Когда Глория улыбнулась, он снова осознал, как она красива, – роскошная девушка волшебной чистоты с невыразимо искренним взглядом. Она приняла его предложение с расточительной проницательностью и подняла его как маленькое рукотворное солнце, купаясь в его лучах. Она сочинила потрясающий сюжет для фантасмагории их военных приключений.

Пресытившись этой темой после ужина, она зевнула. Ей хотелось уже не разговаривать, а читать «Пенрода»[44], вытянувшись на диване до полуночи, пока она не заснет. Но Энтони, который романтично поднялся с ней на руках по лестнице, остался бодрствовать и размышлять о событиях прошедшего дня, смутно рассерженный на нее, смутно неудовлетворенный.

– Чем я буду заниматься? – начал он за завтраком. – Мы женаты уже больше года и только беспокоимся по пустякам, даже не будучи умелыми бездельниками.

– Да, тебе нужно чем-то заняться, – признала она, пребывая в дружелюбном и словоохотливом настроении. Это было не первым из таких разговоров, но поскольку Энтони обычно выступал в роли зачинщика, Глория старалась избегать их.

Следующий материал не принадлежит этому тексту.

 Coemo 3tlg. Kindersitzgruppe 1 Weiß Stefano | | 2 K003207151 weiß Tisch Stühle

– Дело не в том, что я испытываю угрызения совести насчет работы, – продолжал он, – но дедушка может умереть уже завтра, а может прожить еще десять лет. Между тем мы живем не по средствам, и все, чем мы можем похвастаться, – это фермерский автомобиль и кое-какая одежда. Мы содержим квартиру, в которой прожили лишь три месяца, и маленький старый дом в глуши. Нам часто становится скучно, но мы не предпринимаем никаких усилий познакомиться с кем-либо, кроме той компании, которая все лето шлялась по Калифорнии в спортивных костюмах и в ожидании смерти своих родственников.

– Как ты изменился! – заметила Глория. – Когда-то ты говорил мне, что не понимаешь, почему американец не может бездельничать с изяществом.

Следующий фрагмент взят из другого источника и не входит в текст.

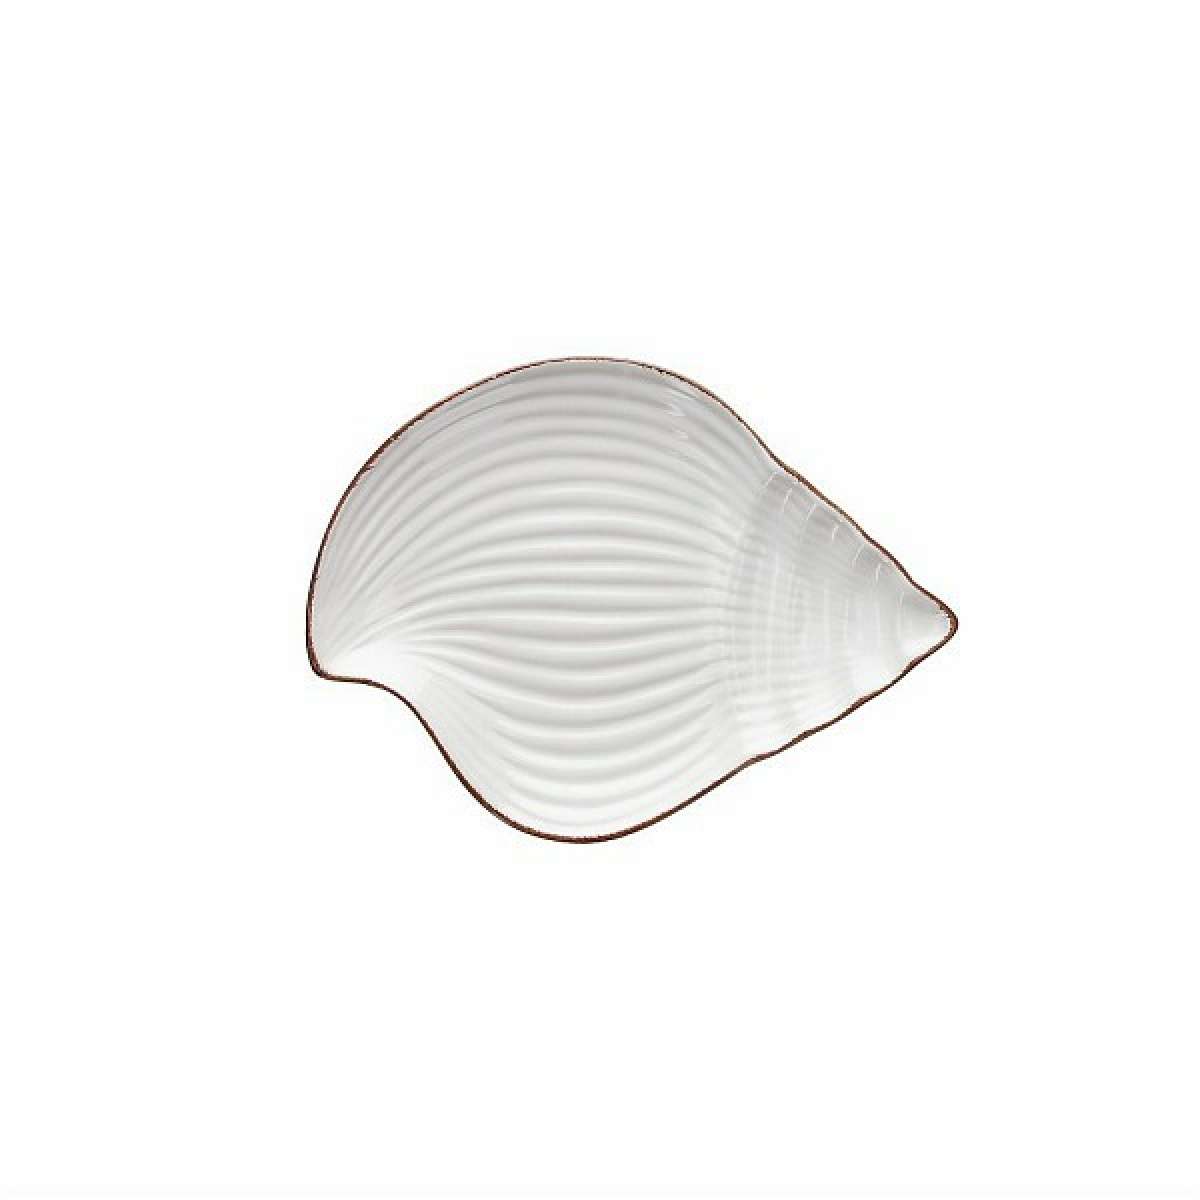 Immagine del prodotto Piattino Conchiglia Dory in Porcellana bianca | Tognana

– Проклятье, тогда я не был женат. И мой ум работал на полную катушку, а теперь крутится вхолостую, как шестеренка, которой не за что зацепиться. Честно говоря, если бы я не встретил тебя, то мне пришлось бы чем-то заняться. Но ты сделала безделье таким изысканно-привлекательным…

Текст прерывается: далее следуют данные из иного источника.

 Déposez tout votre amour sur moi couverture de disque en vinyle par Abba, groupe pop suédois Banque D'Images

– Ах, значит, это я виновата…

– Я имел в виду другое, и ты это знаешь. Но мне уже почти двадцать семь лет, и…

– Слушай, ты меня утомляешь, – досадливо перебила она. – Ты говоришь так, словно я мешаю тебе или сдерживаю тебя.

– Я всего лишь обсуждаю положение, Глория. Разве я не могу обсудить…

– Я полагала, ты достаточно силен, чтобы решить…

– …что-то с тобой без…

– …твои собственные проблемы, не обращаясь ко мне. Ты много говоришь о том, что собираешься работать. Я бы легко могла тратить больше денег, но я не жалуюсь. Работаешь ты или нет, но я люблю тебя. – Ее последние слова были мягкими, как снег, выпавший на жесткую землю. Но сейчас оба не обращали внимания друг на друга: каждый был занят шлифовкой и совершенствованием своей позиции.

– Я сделал… кое-что. – Для Энтони это было неблагоразумным расходом своих резервов. Глория рассмеялась, разрываясь между восторгом и издевательством; она отвергала его софистику, но восхищалась его беззаботностью. Она никогда не стала бы винить его в бесплодной праздности, если бы он был искренним хотя бы в этом и исходил из того, что ничто не стоит особых усилий.

– Работа! – фыркнула она. – Ах ты, печальная птичка! Обманщик! Работа – это значит полный порядок на столе, правильное освещение, наточенные карандаши и «перестань петь, Глория!», и «пожалуйста, держи этого проклятого Тану подальше от меня», и «позволь мне прочитать мою вступительную фразу», и «я еще не скоро закончу, Глория, так что ложись в постель», и множество чашек чаю или кофе. Это все. Примерно через час я слышу, как карандаш перестает елозить по бумаге, и выглядываю наружу. Ты достал книгу и что-то «ищешь» там. Потом ты читаешь. Потом зеваешь, отправляешься в постель и ворочаешься до утра, потому что в тебе полно кофеина и ты не можешь заснуть. Две недели спустя спектакль повторяется.

С немалым трудом Энтони удалось сохранить обрывки достоинства.

– Ну, это легкое преувеличение. Ты прекрасно знаешь, что я продал эссе журналу «Флорентайн», и оно привлекло большое внимание, учитывая тираж издания. И более того, Глория, ты знаешь, что сидел до пяти утра, когда заканчивал работу.

Она замкнулась в молчании, бросая ему спасательный канат. И если он не повесился на нем, то определенно дошел до самого края.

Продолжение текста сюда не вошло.